■ What to work on
In the material below, pictures must be dropped. Repeat exactly, and only, the lines from the line with "برگزاری جلسه هماهنگی" to the line with "Gay Outinpublic Komaka", both ends included.

■ Extracted data

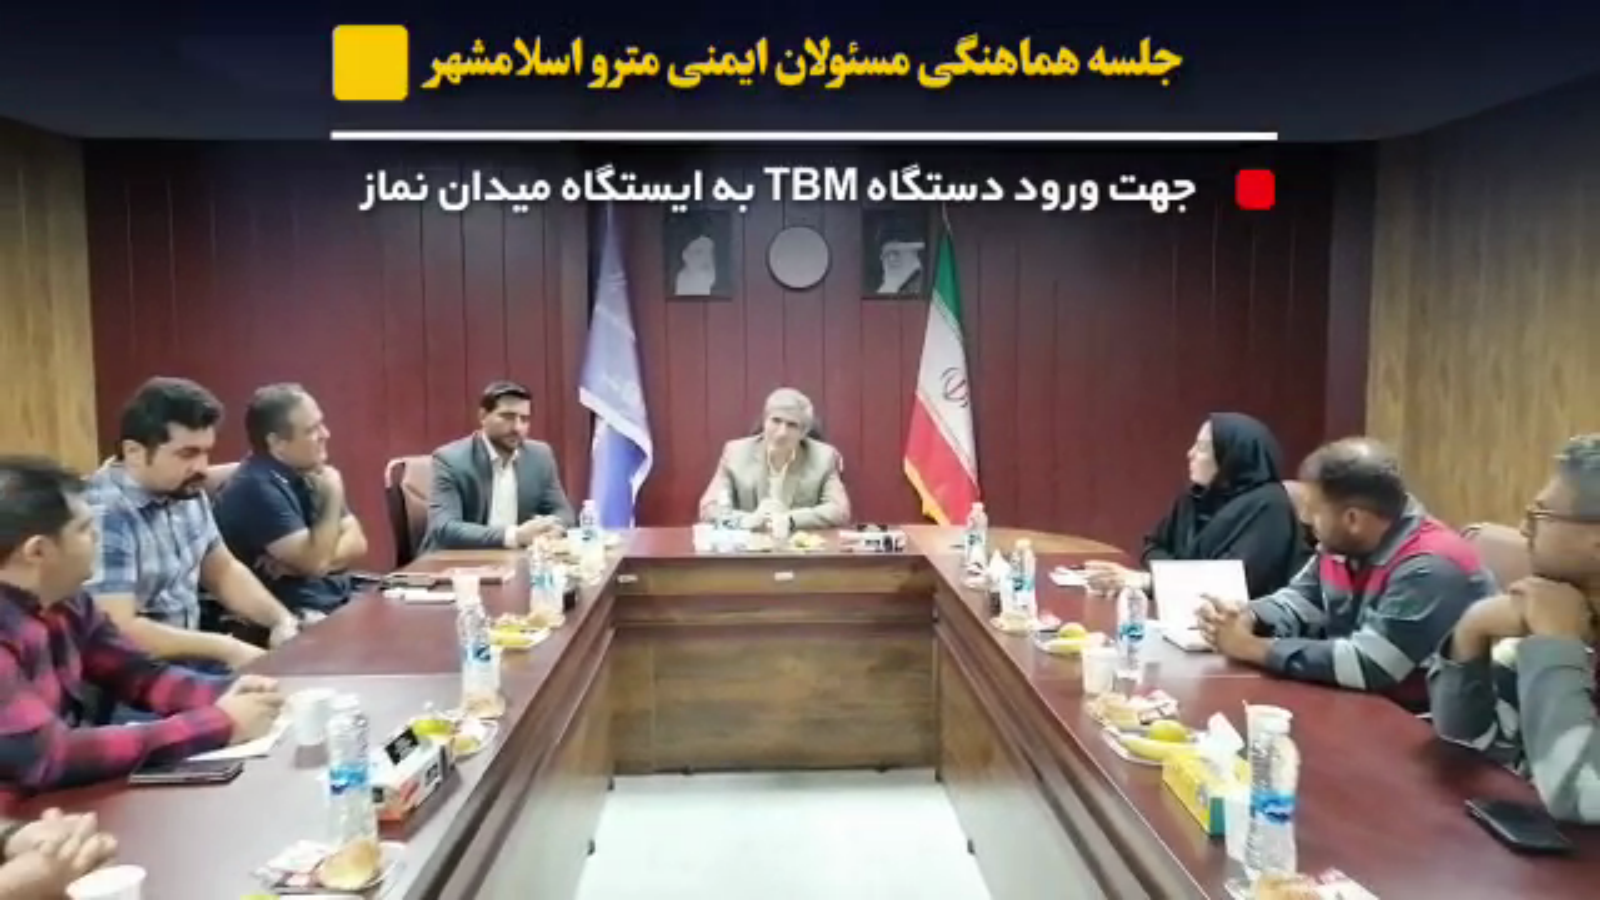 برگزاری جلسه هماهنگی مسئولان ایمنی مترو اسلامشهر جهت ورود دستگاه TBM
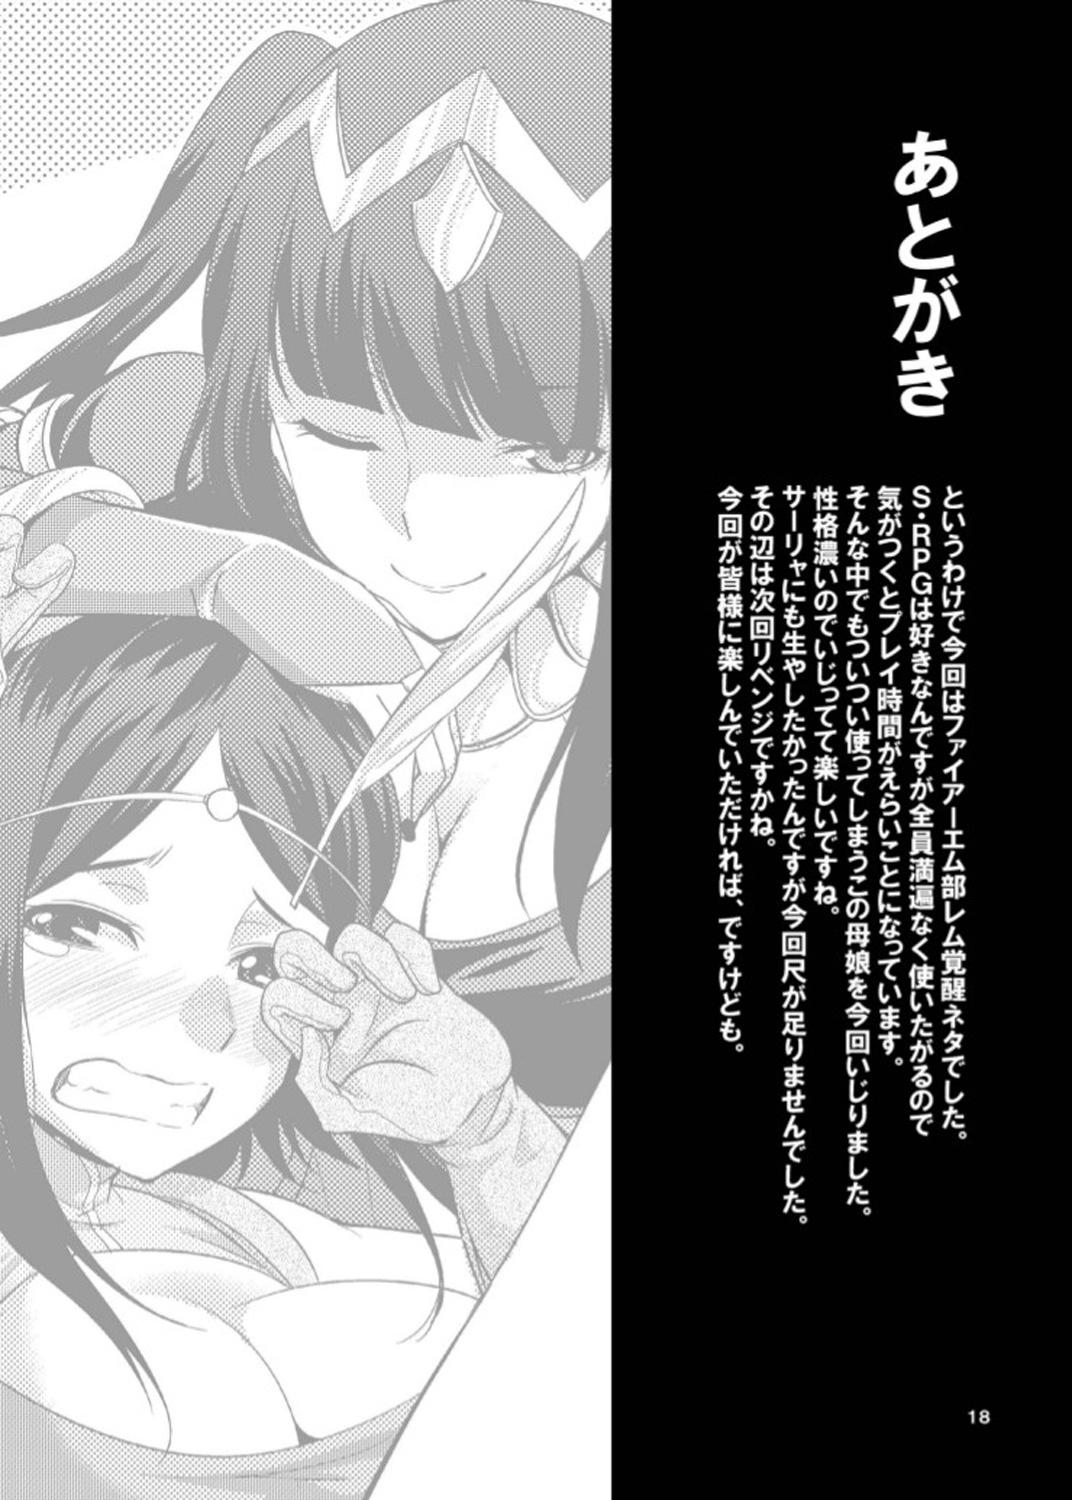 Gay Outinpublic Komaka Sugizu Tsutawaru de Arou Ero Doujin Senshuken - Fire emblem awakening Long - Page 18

==

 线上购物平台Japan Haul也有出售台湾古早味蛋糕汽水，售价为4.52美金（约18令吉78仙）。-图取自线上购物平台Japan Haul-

--

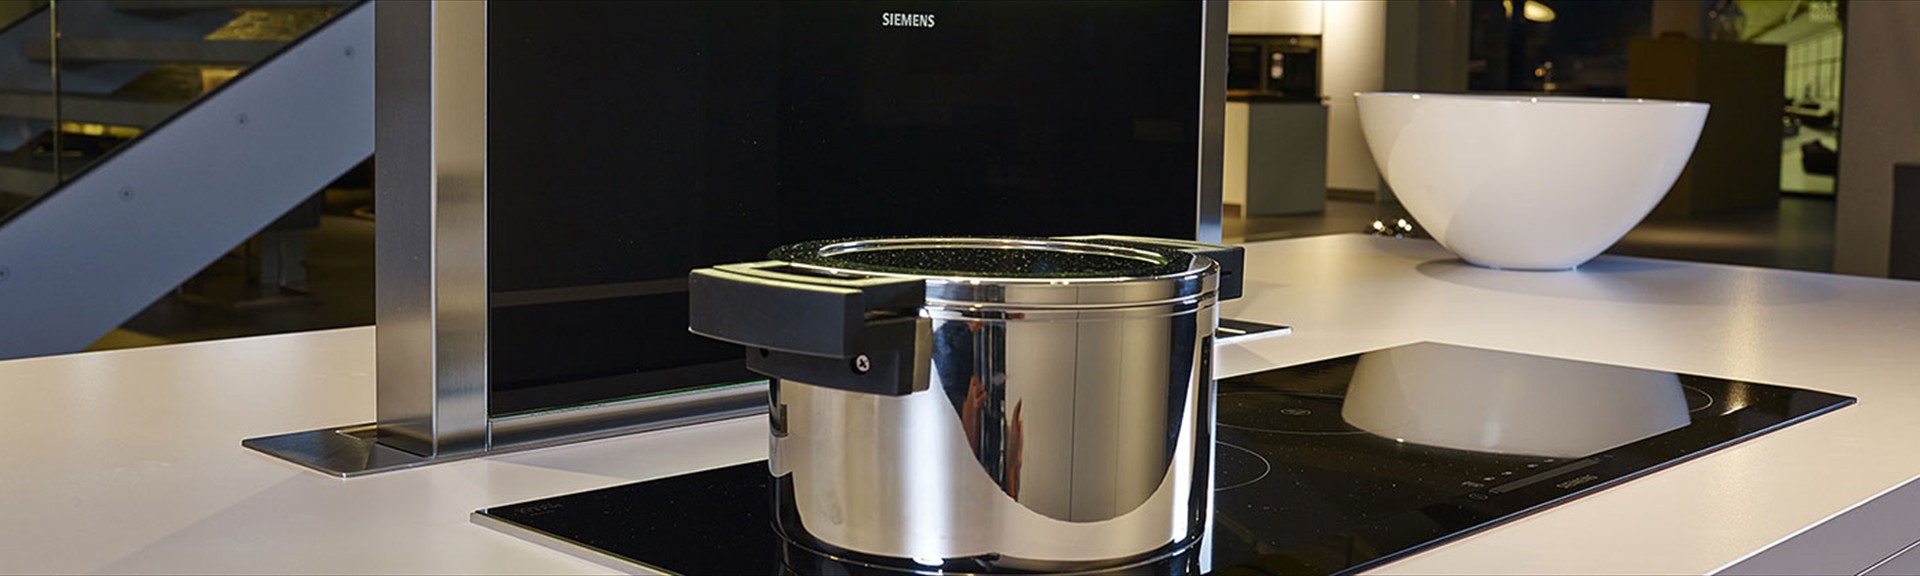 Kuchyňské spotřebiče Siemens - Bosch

■ Response box
 برگزاری جلسه هماهنگی مسئولان ایمنی مترو اسلامشهر جهت ورود دستگاه TBM
 Gay Outinpublic Komaka Sugizu Tsutawaru de Arou Ero Doujin Senshuken - Fire emblem awakening Long - Page 18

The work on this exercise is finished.